2024 Performance | 0.233 | *** | Each additional point in 2024 predicts only 0.23 points more in 2025. A 10-point 2024 improvement predicts just a 2.3-point 2025 gain. Action: While significant, this low coefficient — combined with the weak bivariate correlation of r = 0.23 — suggests the appraisal system has low predictive validity. Historical performance is a poor guide to future performance, raising concerns about HOD scoring consistency. |
Management Grade | -0.643 | (n.s.) | Once prior-year performance is controlled, Management grades do NOT score significantly higher than Revenue Staff. The visual impression of management outperformance (Section 5) is driven by management staff also having higher 2024 scores — not a grade-specific 2025 advantage. Action: Management appraisal criteria should be reviewed to ensure they are substantively more demanding, not simply applied more generously. |
Support (Drivers) Grade | 4.572 | *** | Driver-grade staff score approximately 4.6 points higher than Revenue Staff after controlling for prior performance and location. This is the most unexpected finding. Possible explanations include more lenient HOD scoring for smaller support teams or different weighting of assessment criteria for non-revenue roles. Action: KWIRS should investigate whether appraisal criteria and HOD calibration for support grades are equivalent to those applied to revenue-generating staff. |
Zonal Office | -1.939 | *** | Controlling for grade and prior performance, Zonal staff score approximately 1.9 points lower than HQ staff. This location penalty is independent of individual capability. Action: This is the most actionable finding. KWIRS should audit training infrastructure, examination facilities, and supervisory resource quality across all three Zonal Offices and implement a structured equalisation programme. |
The low R² (≈ 10%) is itself a key finding. Only one-tenth of the variance in 2025 scores is explained by prior-year performance, grade, and location combined. The remaining 90% reflects factors not captured in this model — likely a combination of (a) genuinely unmeasured determinants (training hours, tenure, HOD relationship quality) and (b) measurement error from inconsistent scoring. This reinforces the recommendation to commission a comprehensive appraisal instrument calibration review.
9. Integrated Findings
The five analytical techniques applied in this study converge on a coherent story about both organisational inequality and measurement quality concerns at KWIRS.

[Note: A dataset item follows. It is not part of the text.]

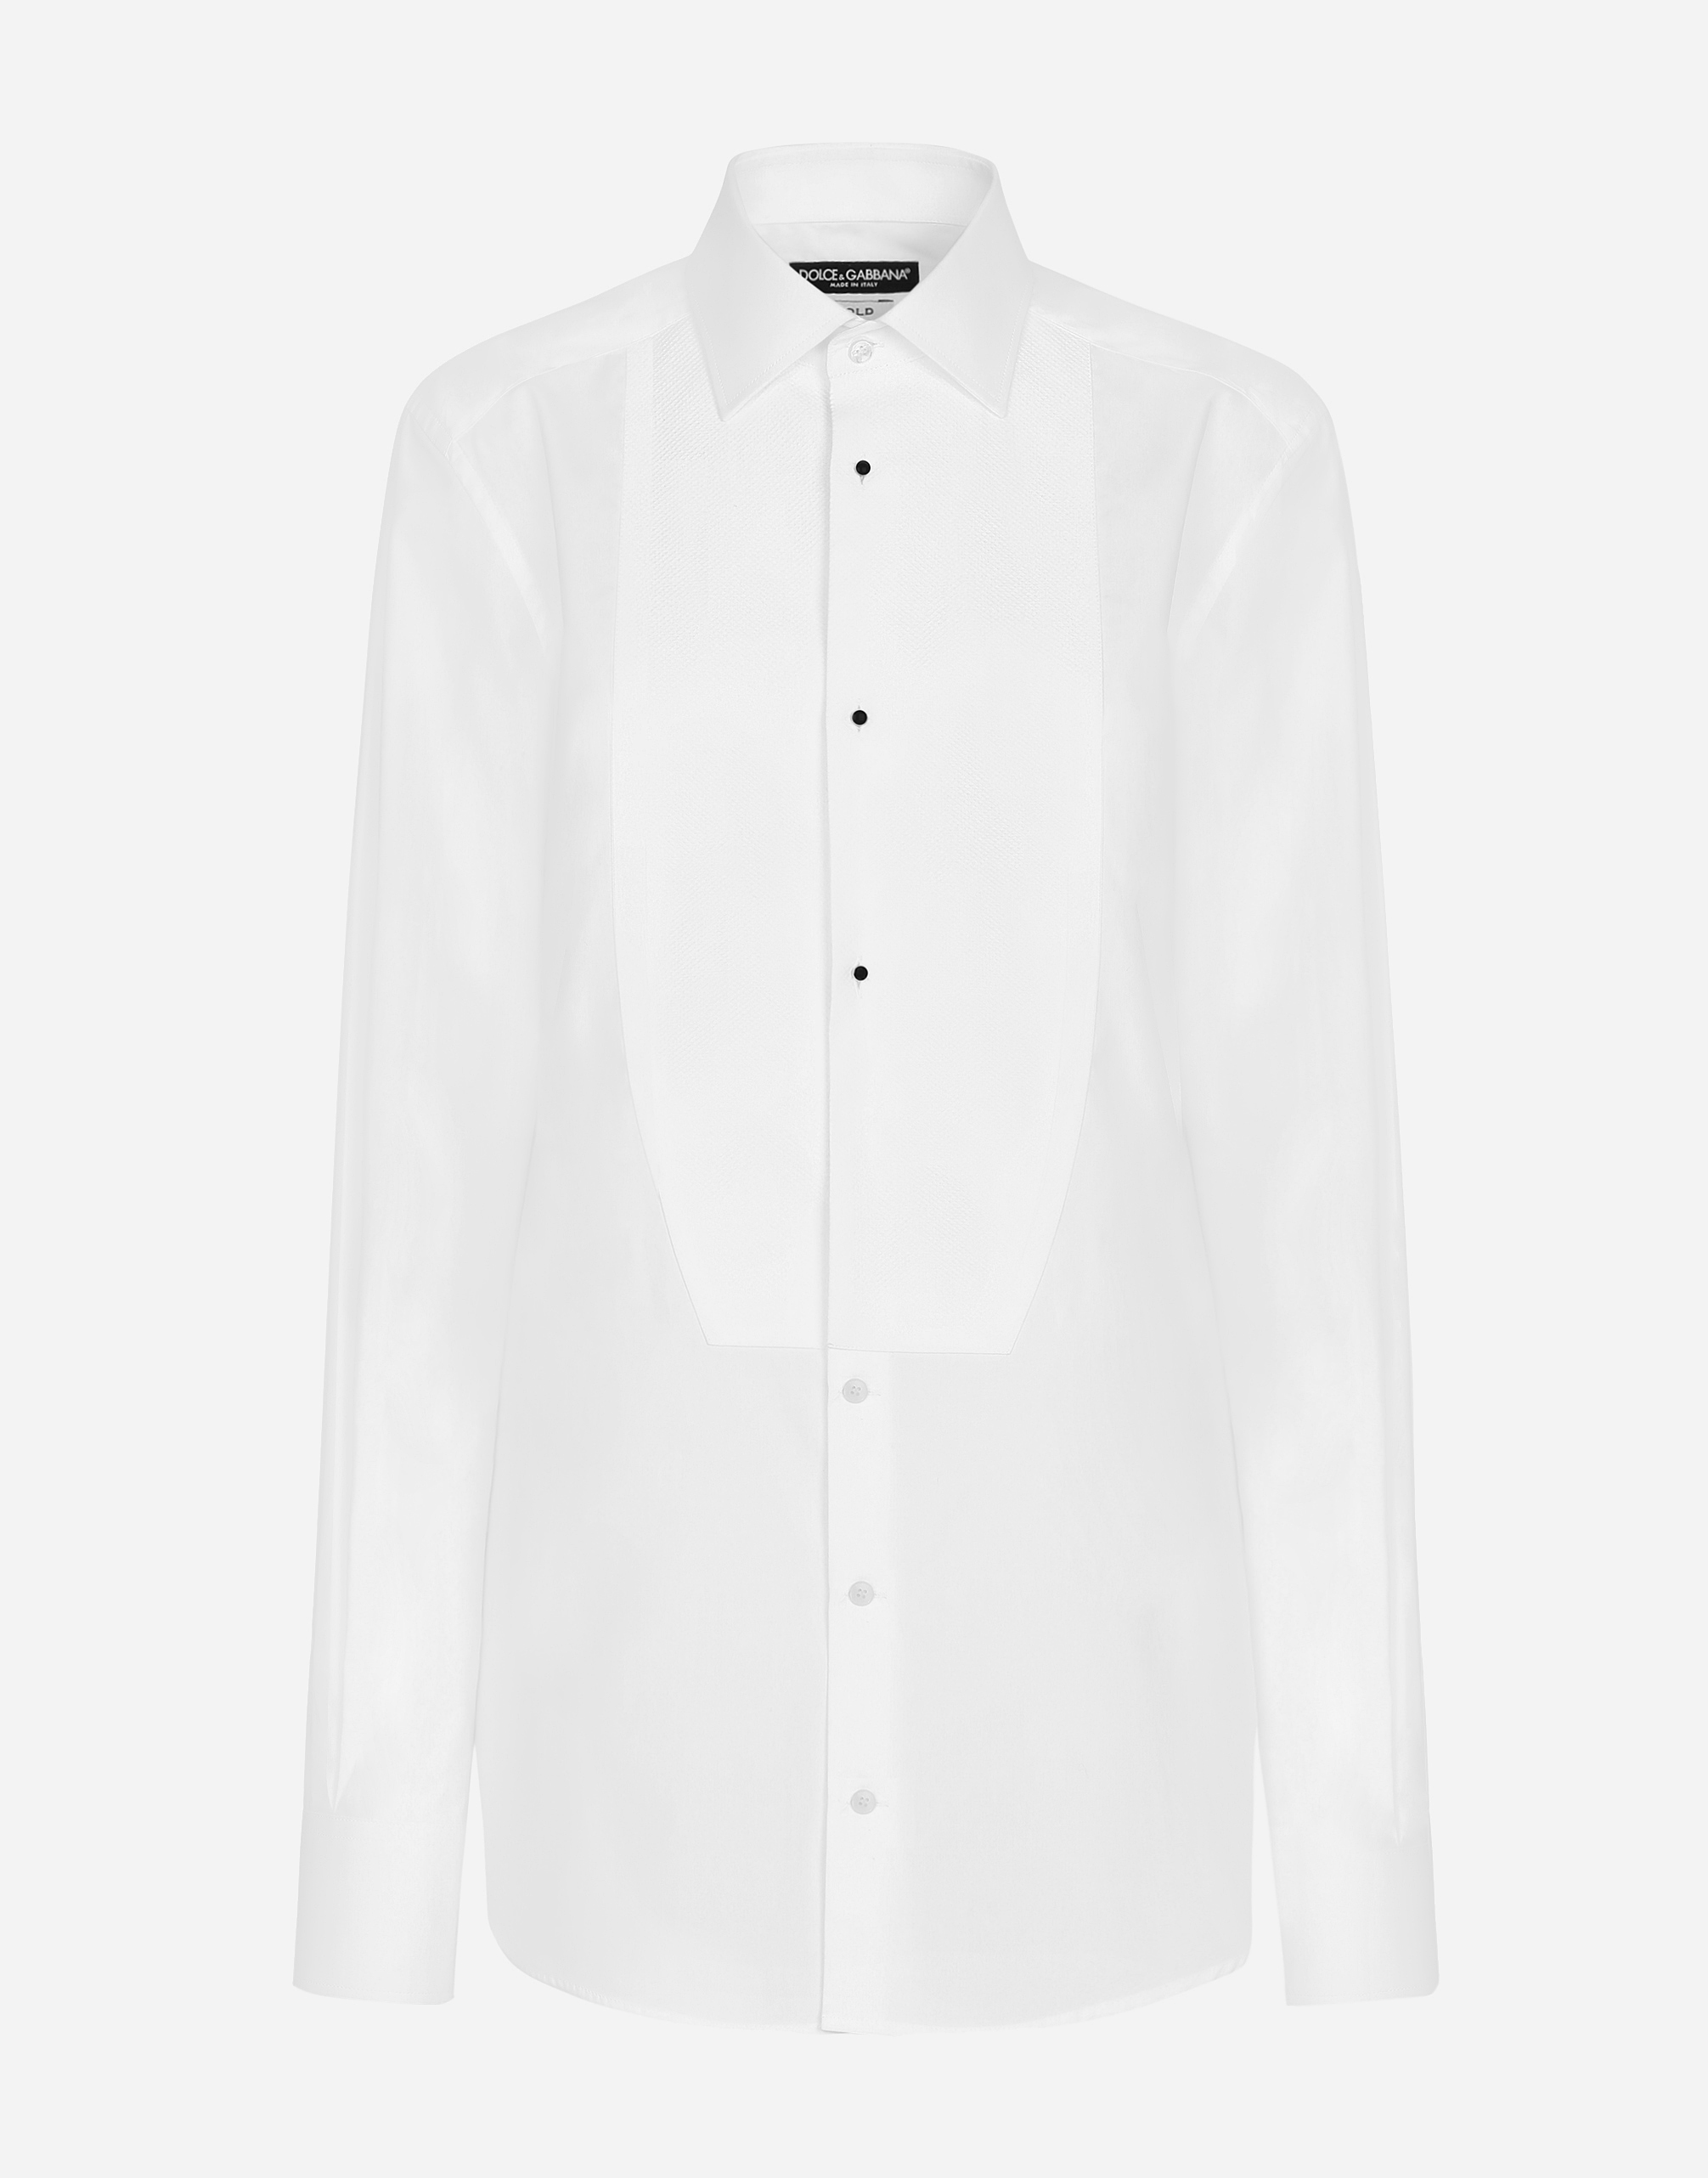 Cotton tuxedo shirt with piqué shirt front

EDA established a well-populated dataset with two solvable quality issues, the more serious being a near-defunct 360-degree component that currently penalises approximately 90% of staff for non-participation in a process they were not required to complete. Visualisation confirmed that the HQ–Zonal performance gap is not recent — it has persisted across all four years without narrowing, suggesting structural rather than transient causes.
Hypothesis testing provided statistical confirmation: both the grade-band differentiation (small effect, ε² = 0.0364) and the HQ–Zonal gap (small-to-medium effect, d = 0.296) are significant beyond the 0.001 threshold. The post-hoc results, however, revealed an unexpected finding: Support (Drivers) grades outperform Revenue Staff significantly, not Management grades — raising questions about scoring standard consistency across staff categories.
Correlation analysis produced the most diagnostically important finding: year-to-year performance correlations at KWIRS are weak (r = 0.13–0.39), far lower than a reliable appraisal system would produce. Combined with the low regression R² of approximately 10%, this points to substantial unexplained variance — consistent with HOD scoring inconsistency across cycles as a root cause.
Single integrated recommendation: KWIRS should immediately commission an Appraisal System Integrity Review with three concrete outputs: (1) mandatory 360-degree review completion tracked as an HOD KPI, eliminating the current near-universal zero-score problem; (2) inter-HOD calibration workshops to align scoring standards across grades and offices, with the goal of raising year-to-year correlations above 0.5; and (3) a Zonal Office Capability Programme providing parity of training, examination infrastructure, and supervisory support relative to HQ — directly addressing the persistent ~2-point location penalty confirmed by regression.
10. Limitations and Further Work
Census completeness: Staff who resigned, were dismissed, or were on long-term leave during the period are absent, introducing survivorship bias toward more stable, better-performing employees.
Appraisal validity: All analyses assume scores reflect actual performance. If HODs apply inconsistent standards across directorates — plausible given the weak year-to-year correlations — the data measures assessed rather than actual performance.
360-degree ambiguity: Zero scores were retained as-is; without confirmation from HR that they represent non-participation (not genuine zero assessments), any 360-related interpretation should be treated with caution.
Omitted variables: The regression excludes potentially important predictors — years of service, educational qualification, training hours attended, and HOD tenure — that could substantially increase R² and change coefficient estimates.
Causation vs association: Regression coefficients are associational, not causal. The Zonal Office penalty cannot be interpreted as a pure location effect without controlling for all confounders.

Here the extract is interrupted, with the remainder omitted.